Kejutan terhadap Tiongkok dimulai pada awal tahun 2000an – periode dimana terjadi peningkatan besar dalam ekspor Tiongkok ke pasar global. Meskipun konsumen telah memperoleh manfaat dari ekspor produk berbiaya rendah, perkembangan pasar tenaga kerja belum begitu baik. Misalnya, sebuah penelitian memperkirakan bahwa guncangan yang terjadi di Tiongkok bertanggung jawab atas “59,3 persen hilangnya pekerjaan di bidang manufaktur di AS antara tahun 2001 dan 2019.” Sebagian besar pekerjaan tersebut berada pada sektor padat karya yang mempekerjakan pekerja berketerampilan rendah.

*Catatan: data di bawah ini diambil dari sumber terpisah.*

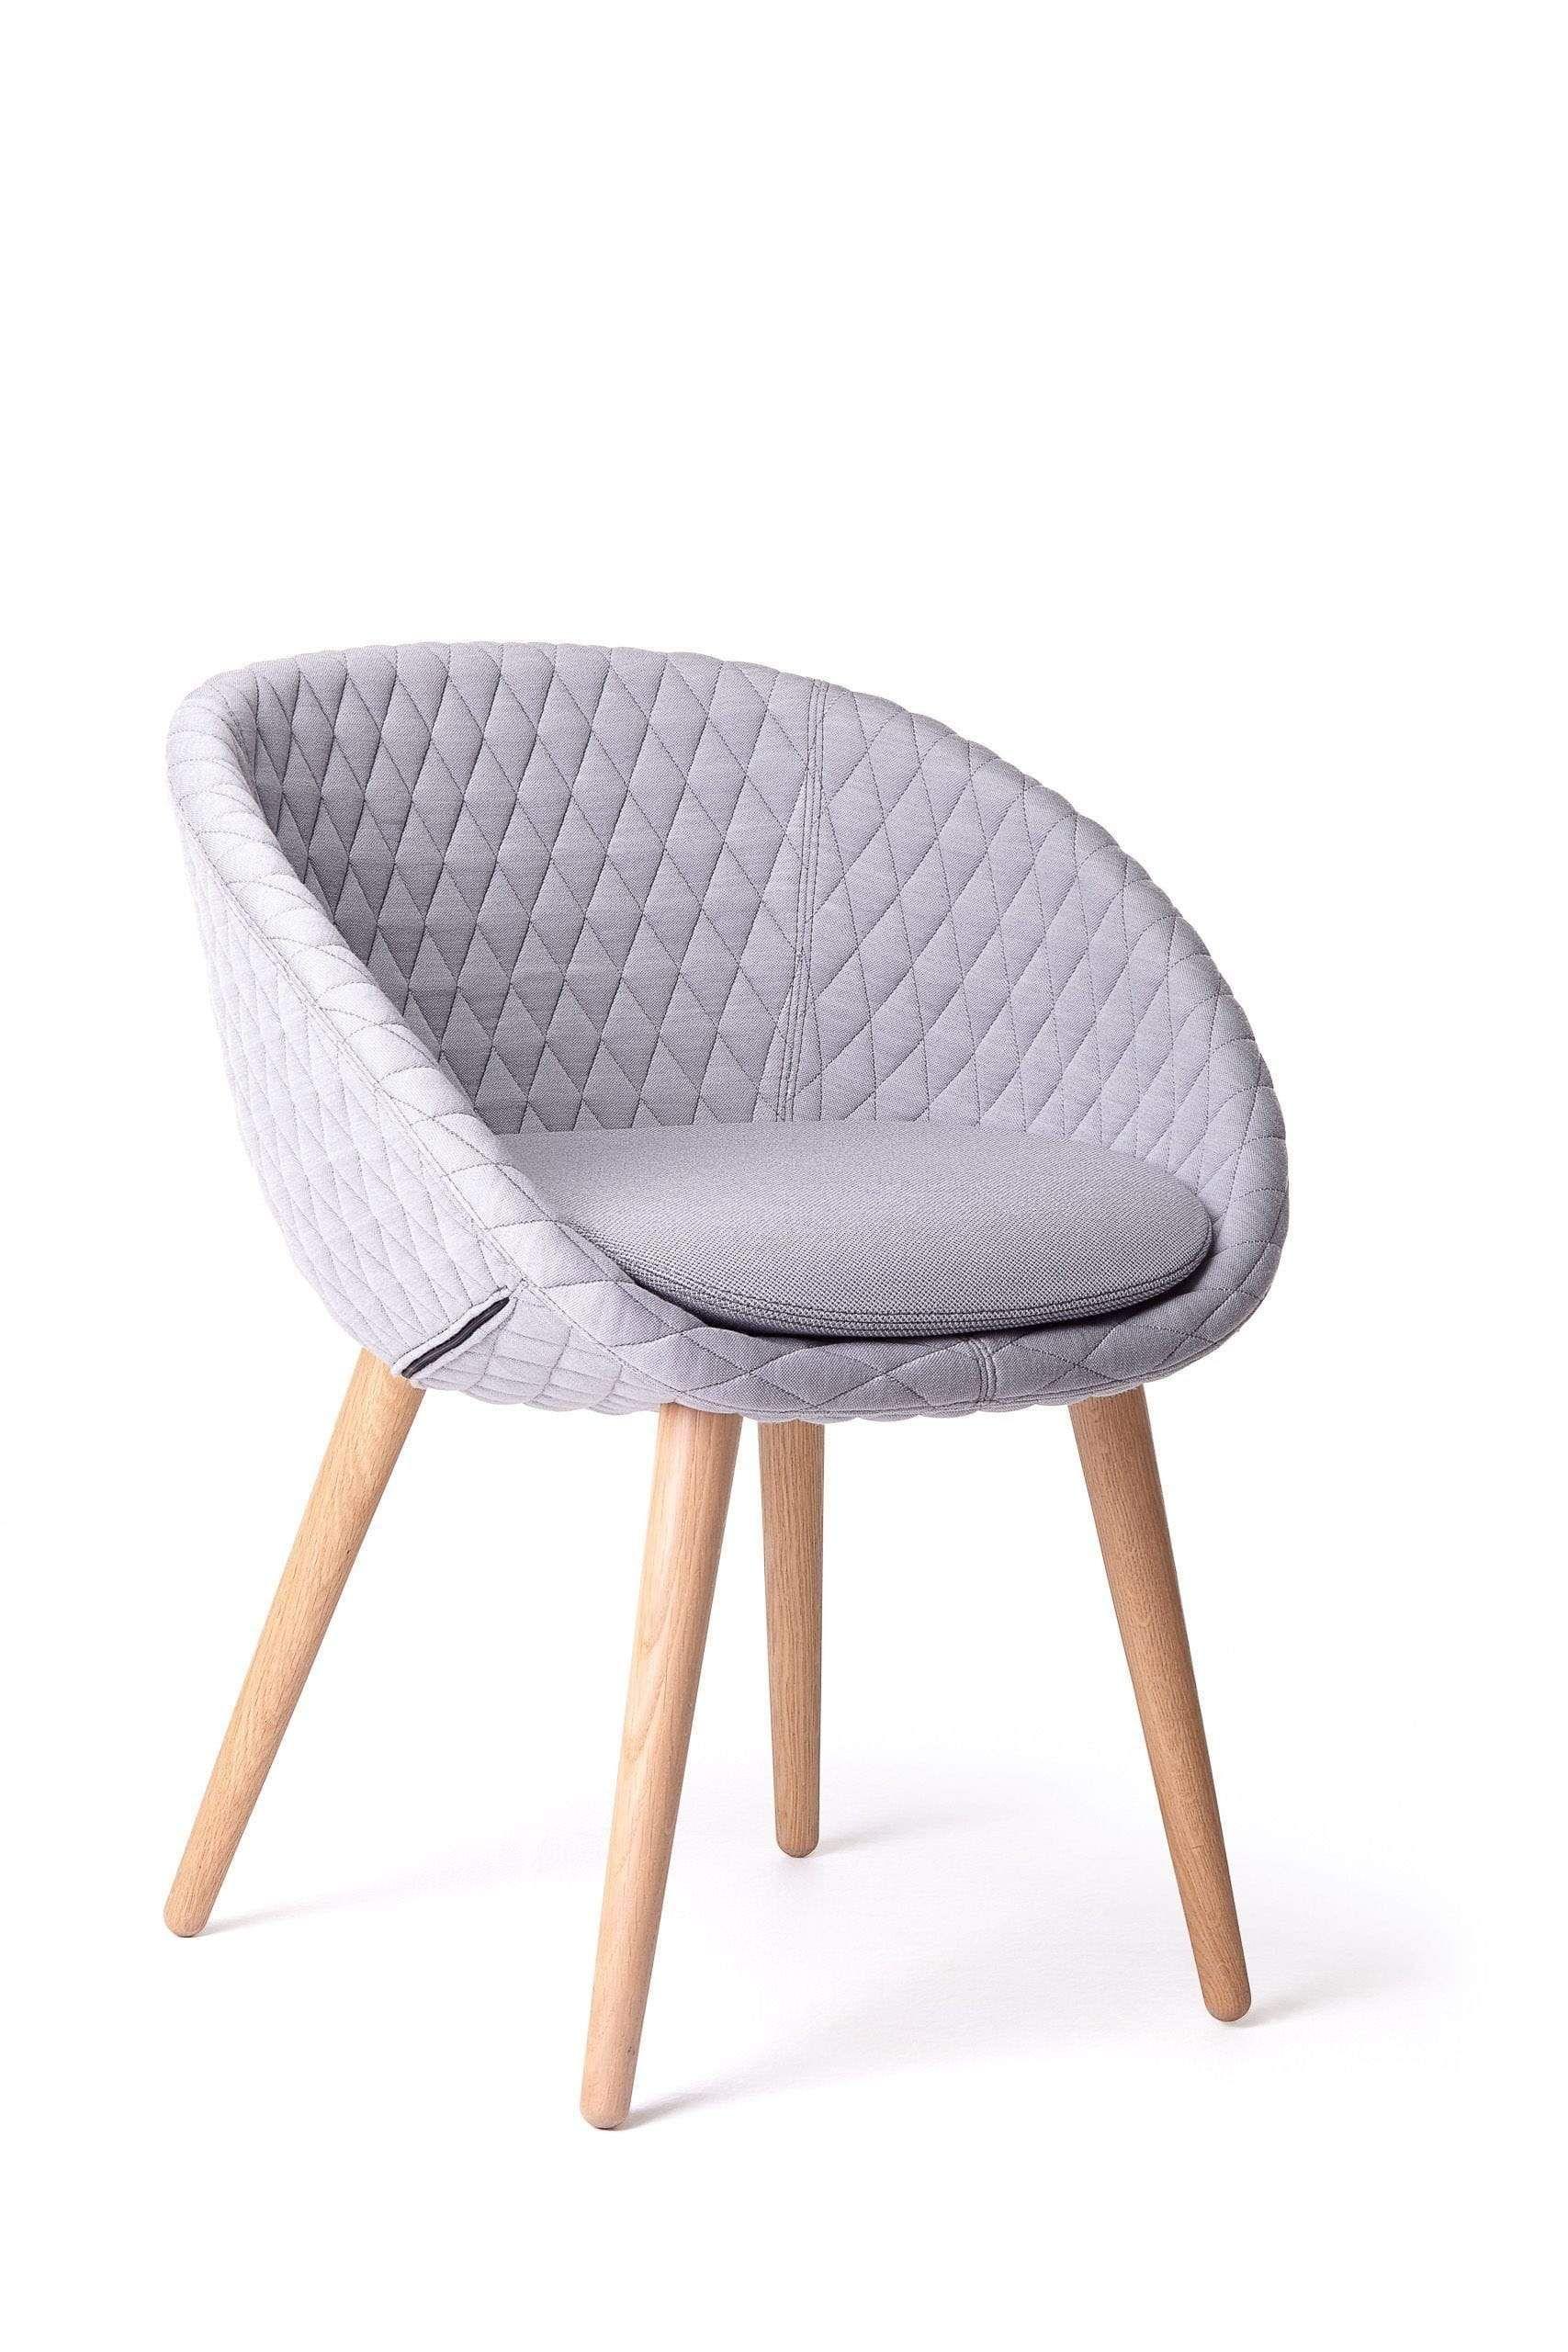 Love Dining Chair - Cat. LII / 22.8x22.8x29.9x18.9

Guncangan perdagangan menyebabkan penurunan partisipasi angkatan kerja dan upah di wilayah yang terkena dampak. Menurut penelitian tersebut, mereka yang kehilangan pekerjaan “mengubah hampir satu dari satu orang menjadi pengangguran jangka panjang”. Sekarang ada kekhawatiran akan terjadinya kejutan lagi di Tiongkok.

Ketika perekonomian Tiongkok melambat, yang sebagian disebabkan oleh melemahnya sektor real estate dan rendahnya permintaan konsumen, terdapat kekhawatiran bahwa negara tersebut mengekspor kelebihan kapasitasnya dalam upaya menggerakkan perekonomiannya. Ada kekhawatiran bahwa hal ini dapat menyebabkan China Shock 2.0 – seperti yang juga telah dijelaskan oleh para ekonom di IMF – dan bahwa “lonjakan ekspor dapat menggusur pekerja dan merugikan aktivitas industri di tempat lain”. Negara-negara menanggapinya dengan menerapkan hambatan tarif dan non-tarif. Misalnya, awal bulan ini, pemerintahan Joe Biden menyelesaikan kenaikan tarif terhadap produk Tiongkok. Menurut kantor Perwakilan Dagang AS, tarif sekarang akan mencapai 100 persen untuk kendaraan listrik, 50 persen untuk sel surya, dan 25 persen untuk baja, aluminium, baterai kendaraan listrik, dan mineral tertentu. Menurut laporan dalam makalah ini, India dan beberapa negara lain telah menerapkan tindakan anti-subsidi – negara tersebut telah menerapkan lebih dari 30 investigasi anti-dumping terhadap Tiongkok pada tahun ini saja. Kekhawatiran akan guncangan perdagangan kembali terjadi seiring dengan semakin dekatnya pemilihan presiden AS, dimana kandidat dari Partai Republik, Donald Trump, semakin menekankan isu tarif. Trump telah mengusulkan untuk mengenakan tarif sebesar 60 persen pada semua barang yang berasal dari Tiongkok dan 10-20 persen pada negara lain.

Sedangkan bagi India, meski ada sanksi, impor dari Tiongkok mengalami peningkatan. Pada tahun 2023-2024, impor dari Tiongkok akan melampaui $100 miliar dari $60 miliar pada tahun 2014-15. Mengingat betapa eratnya hubungan Tiongkok dengan rantai pasokan global, sulit bagi India untuk menjauhkan diri. Menurut laporan Inisiatif Penelitian Perdagangan Global, pangsa impor barang-barang industri Tiongkok telah meningkat dari 21 persen menjadi 30 persen selama satu setengah dekade terakhir. Ketergantungan impor pada kategori produk seperti elektronik, mesin, dan tekstil. Pemerintah di India selama bertahun-tahun telah berupaya meningkatkan kemampuan manufaktur negara tersebut dalam upaya mengurangi ketergantungan pada impor. Namun, porsi sektor ini dalam perekonomian hampir stagnan. Meskipun kebijakan-kebijakan terkini seperti Skema Insentif Terkait Produksi telah mencapai beberapa keberhasilan, masih banyak hal yang perlu dilakukan. Kebijakan harus dipandu oleh tujuan untuk meningkatkan manufaktur dalam negeri, meningkatkan daya saing dan mengatasi hambatan struktural yang sudah berlangsung lama terhadap pertumbuhan sektor ini.